When I got there I cried. There were all kinds of people there. And they even decorated it for me, with music and flowers. And me and my baby walked down the aisle to the altar and the atty was waiting at the altar with the papers. I signed them and turned to Mary and her husband standing their waiting, crying. I whispered to my baby girl, please come back to mama....I love you. When I handed her to them, you could hear a pin drop and Mary said, I wanted you to know that we name her Grace Mary...Grace because of God's grace and Mary, after her mother.

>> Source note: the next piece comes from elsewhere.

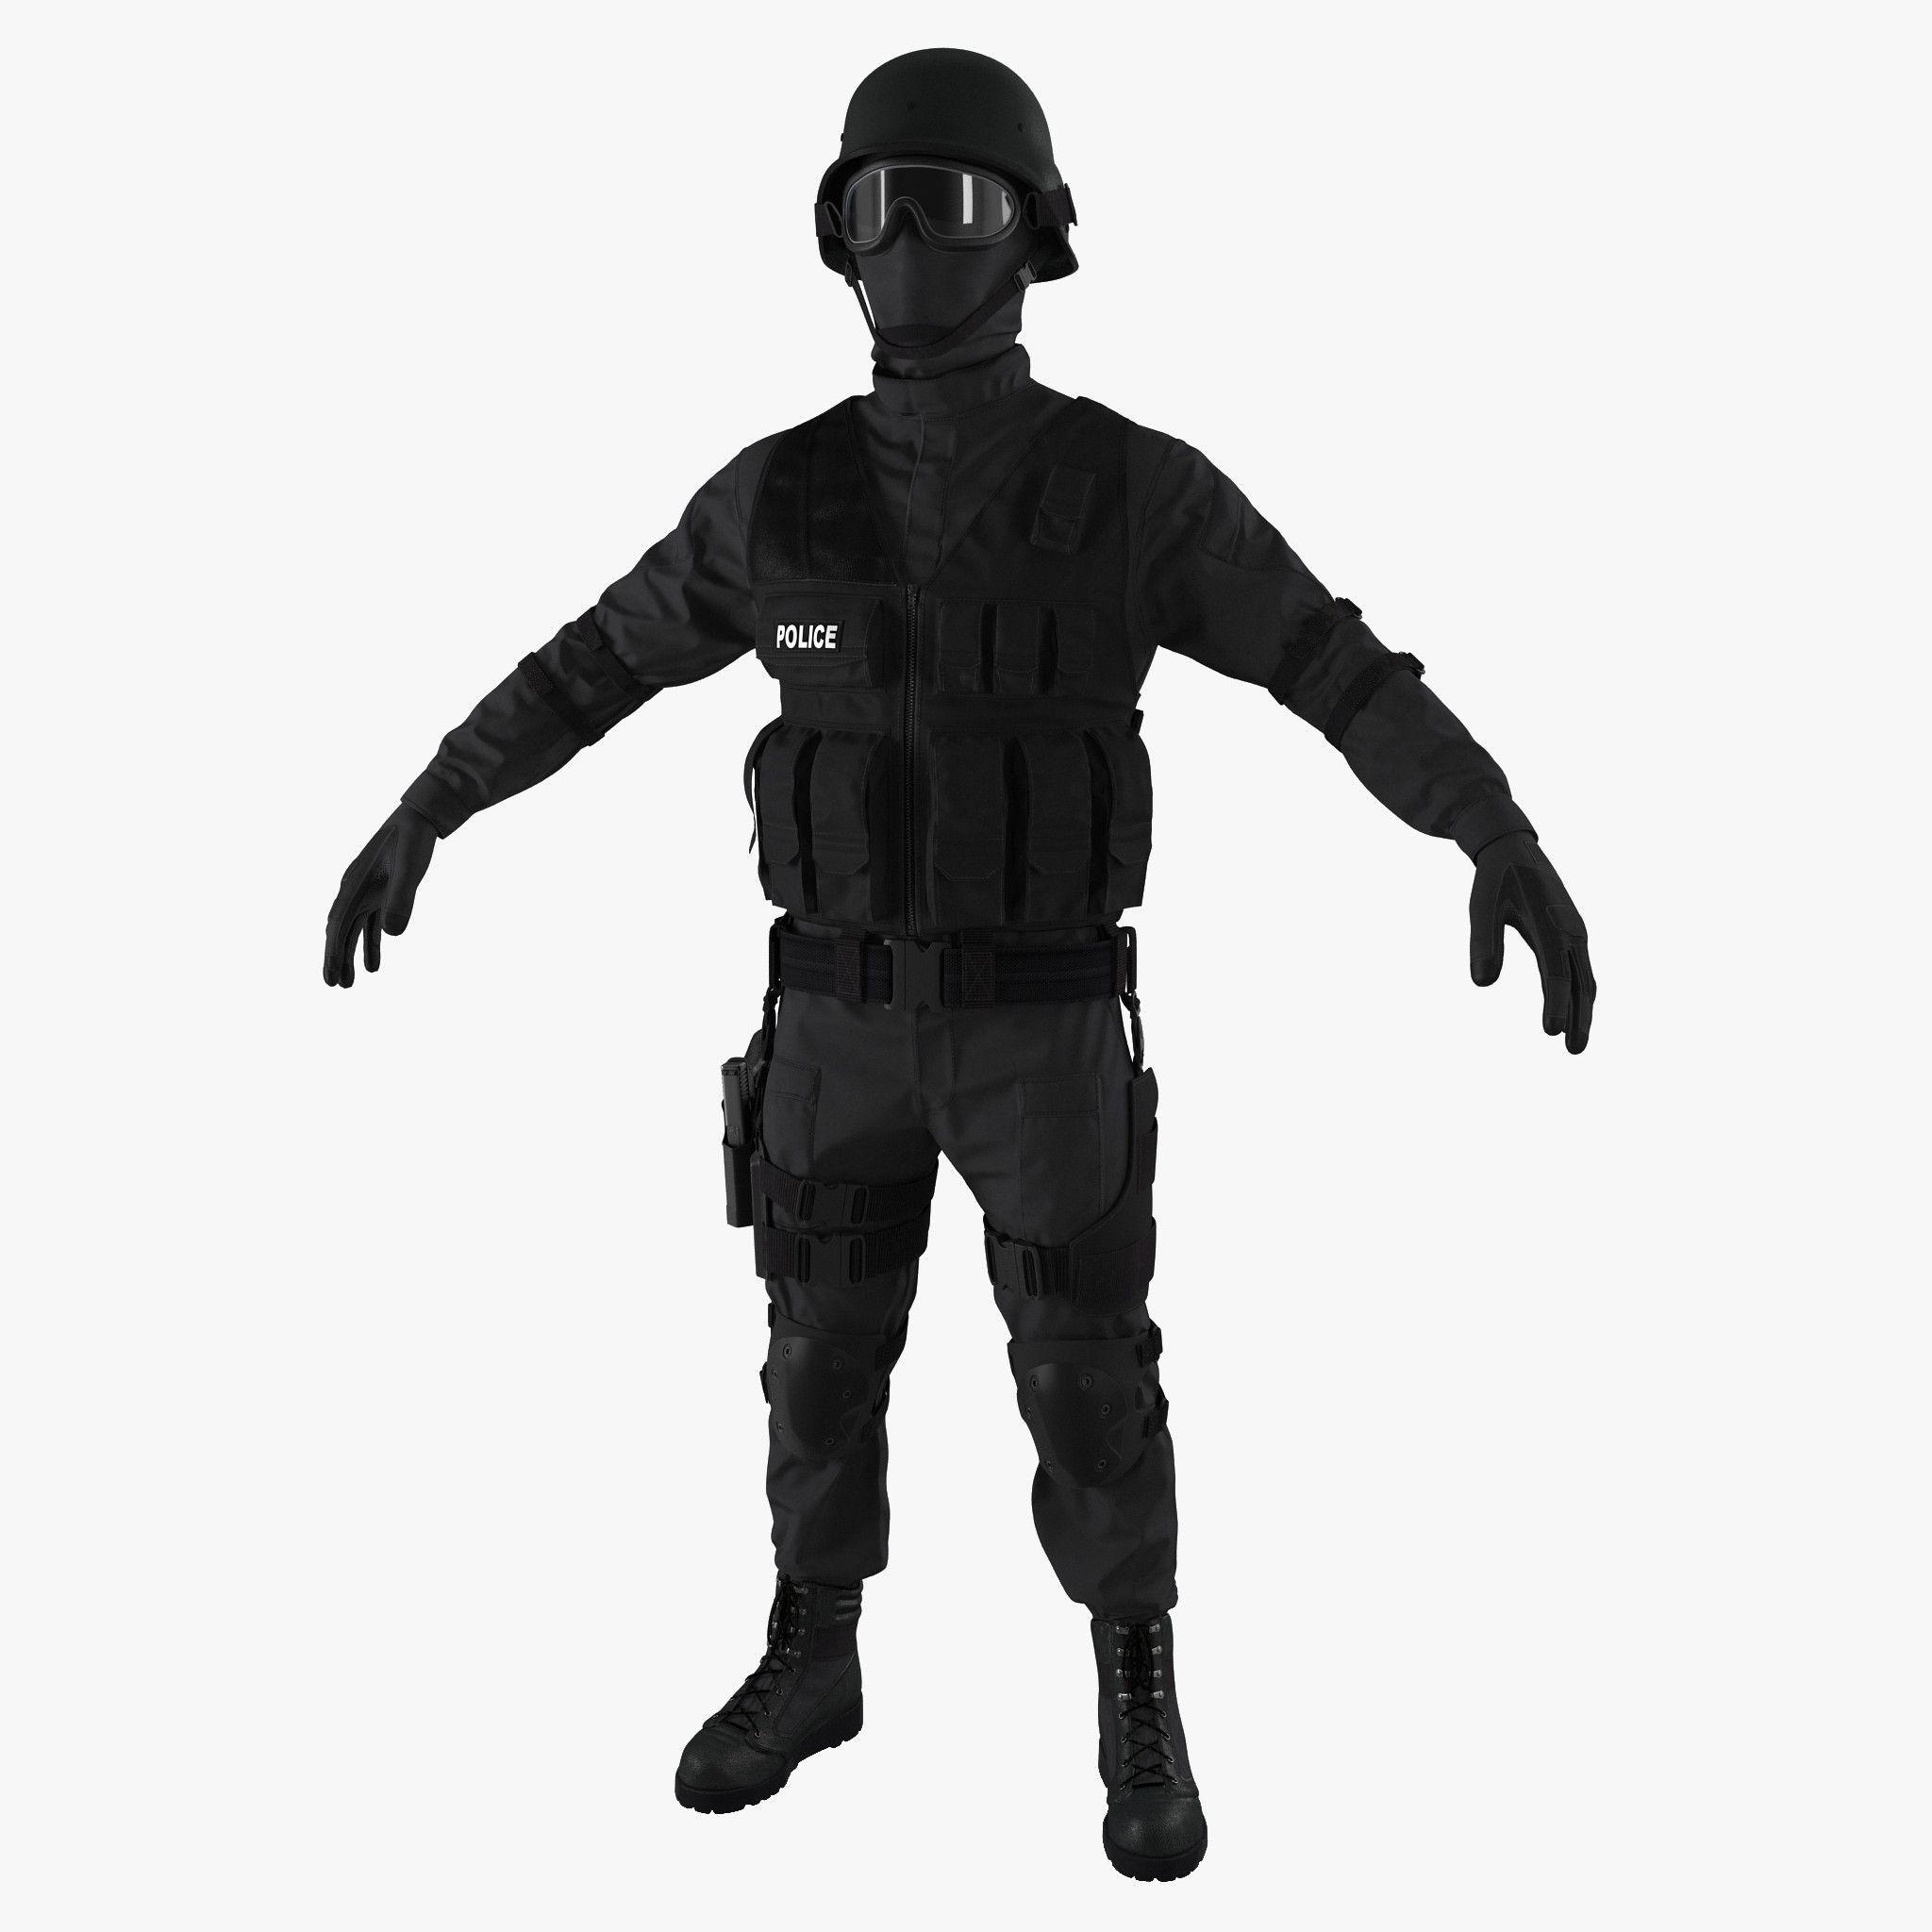 2048x2048 Swat Uniform 2 C4d Swat

I still see her. She is going to be 12 years old on July 29th. She looks exactly like I did as a child. She knows she has two mommies and it is natural to her. We agreed to gradually tell her so it wouldn't be a shock. I only wanted them to do one thing and that was to always tell her that I loved her and didn't throw her away.
Pictures of me and when i was in the 1st grade.
Since that day, I have never been the same. In my utter failure, is where I found the Lord and He taught me what Grace was and restoration for the believer. Too many Christians fall and fail, thinking they cannot go back to God....they need to know His arms are big enough...His heart is big enough and there's nothing so bad that He can't forgive.